The grand Player

The bar for a successful chief of army staff is very low in Pakistan. So long as you don’t show so much disdain for democracy that you do away with it altogether you have done better than most. This is why, in the six weeks left before he retires, there will be many odes to General Ashfaq Parvez Kayani, the man who could have grabbed absolute power but chose not to.
Ignore this hagiography. Kayani is without a doubt a very shrewd and calculating man but his net benefit to the country is in the red.
The first stint seemed to go so well. After the Musharraf nightmare, Kayani seemed like a new breed. He had no interest in wielding power; just in carrying out the instructions of the elected government. When the civilians unadvisedly pursued the Nizam-e-Adl agreement with the Swat Taliban he stood by quietly. After they decided that it was just a ploy to forestall armed intervention, Kayani took the army into Swat and scored a decisive victory. Sure, he ended up getting the credit for action ordered by the PPP but that didn’t make the achievement any less impressive.
But then came the end of 2010 and retirement beckoned. Suddenly everyone, primarily the US, thought Kayani was indispensable. That, needless to say, was a mistake. If the military truly is the only institution that works in the country (it isn’t, but let’s play along for the sake of argument) then it should never be dependent on one individual.
The extension Kayani was given not only ended up hurting his carefully-crafted image but, more importantly, did a lot of damage to the country. That image was one that Kayani cultivated perfectly to the point where every profile in western publications had to point out that this man’s man rolled his own cigarettes but was less interested in exploring his ideology. It is only after the extension was secured that we truly got to know Kayani the political animal.
It is no coincidence that what Kayani is best remembered for now are the controversies.

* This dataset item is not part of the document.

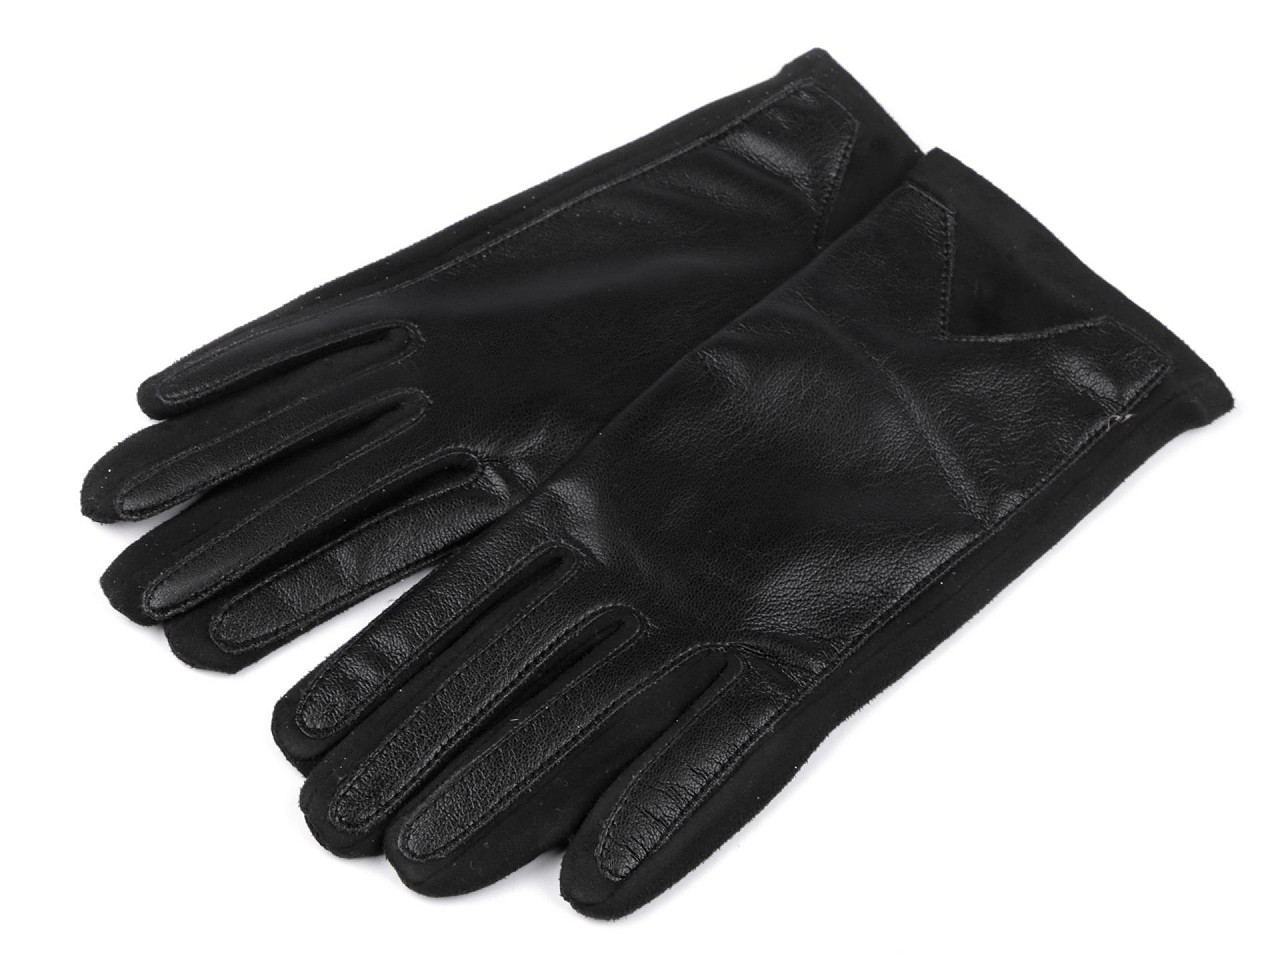 Mănuși pentru femei din piele ecologică, cu funcție tactilă, negre, 1 pereche
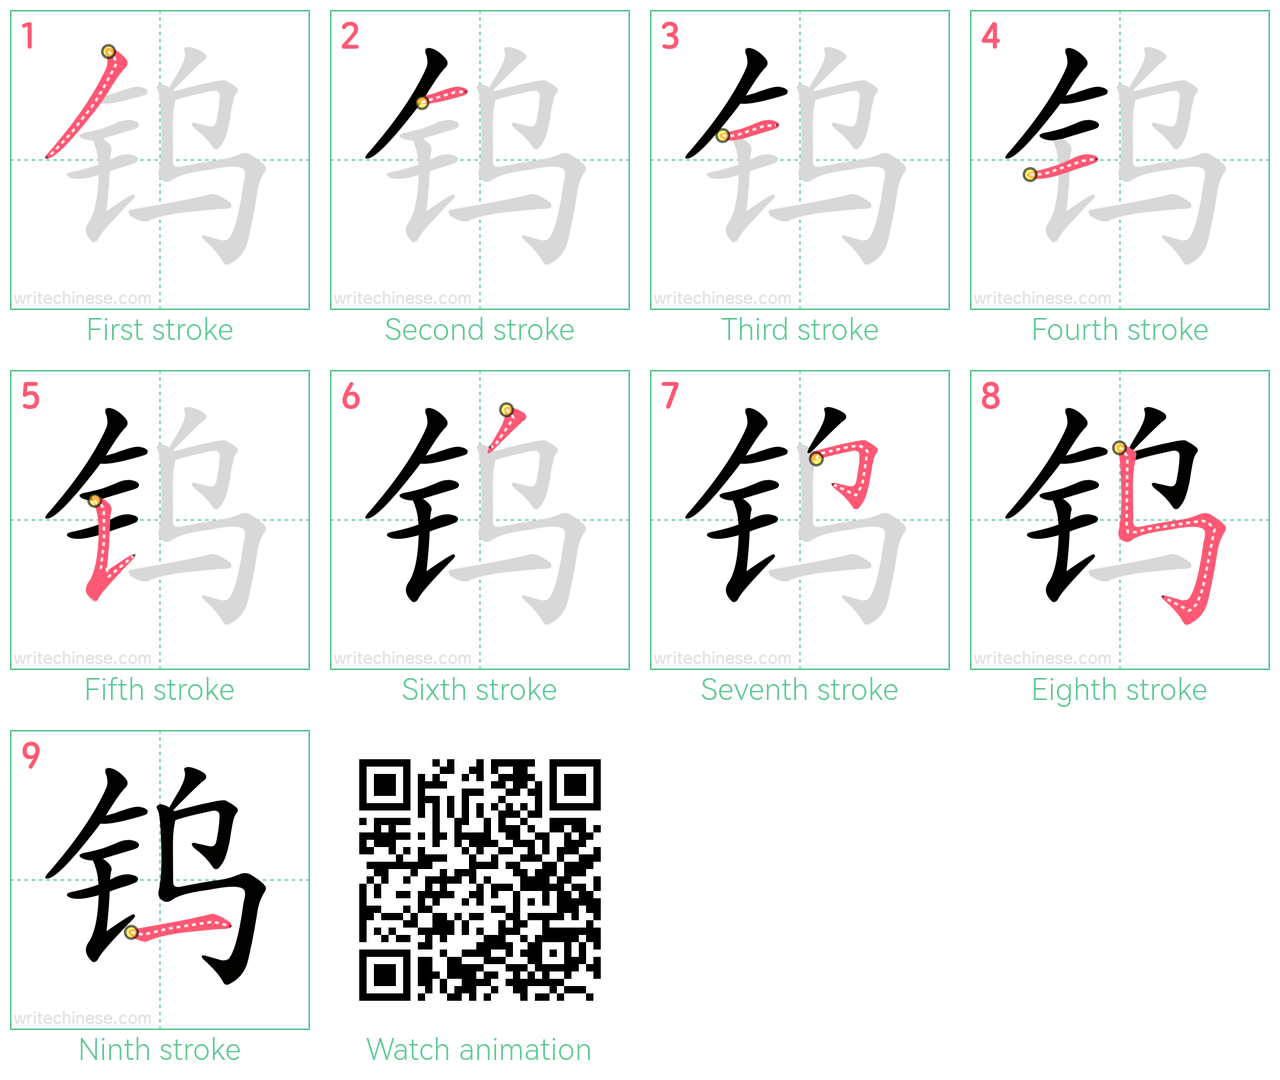 钨 step-by-step stroke order diagrams

He is the one who, as a supposedly pro-US COAS, whipped up fervour against the Kerry-Lugar Bill. No one cares about the terms of that package now; we just enjoy its benefits. But at the time the army made it seem like our sovereignty was being obliterated.
The original military disapproval of the aid package was transferred, almost as if by osmosis, to reliable anti-American allies like the religious parties. Soon protests were being held around the country. Kayani didn’t end up winning but the military got its point across.
Kayani was similarly inflexible after the Salala attack, to the point where he ensured that Nato supplies across the country were stopped. And yet soon after we saw a sudden U-Turn and the army started cooperating with the Americans on matters small and large. This was the key to Kayani’s supposed indispensability. He could play along with anything long as it suited him at the time.
Of course, he never could have performed this circus trick had the PPP government not been so cowardly that it decided it was better to see out its term rather than ever challenge military hegemony over the country. This was the government, even when Kayani was fresh in power, so fearful of the men in uniform that, back in 2008, it took back its notification that the ISI should be placed under the interior ministry within two days of army protests. It also took only a day to withdraw its order to send the ISI chief to India after the Mumbai attacks.
No surprise, then, that in his three-year second term Kayani was able to get so much ‘done’. In the Memogate scandal, true that Hussain Haqqani scored an entirely avoidable own goal in his foolish interactions with Mansoor Ijaz and then compounded the error by being so shifty about his actions, but the way Kayani’s army swept into action so speedily and took advantage was truly a sight to behold. And they got his scalp.
Make no mistake about it, the Pakistan Army under Kayani was entirely his army. Having alienated many senior officers who had to forgo promotions after he secured his extension, Kayani moulded the military in his image. He was perfectly content being the silent powerbroker while men like the ISI’s Pasha took the flack but all orders flowed from him. The decision to not take any action against the Haqqani Network – all Kayani. Start releasing Afghan Taliban prisoners to satiate the Americans – again Kayani.
So preeminent was Kayani in the minds of Pakistanis that it seemed almost predestined that he would stick around in some capacity or the other. That he chose retirement is to his credit, but it isn’t nearly enough to undo the damage he did by spending another three years as the COAS.
He should also, had he truly cared about civilian supremacy, have allowed the Nawaz government to make the announcement about his departure. That he chose the ISPR as the vehicle for his retirement shows that even to the bitter end Kayani wanted to show that he was the master of his destiny. Pakistan, if it is lucky, will have a successor to him who isn’t quite as convinced of his infallibility. But our experience with men in uniform makes that extremely unlikely.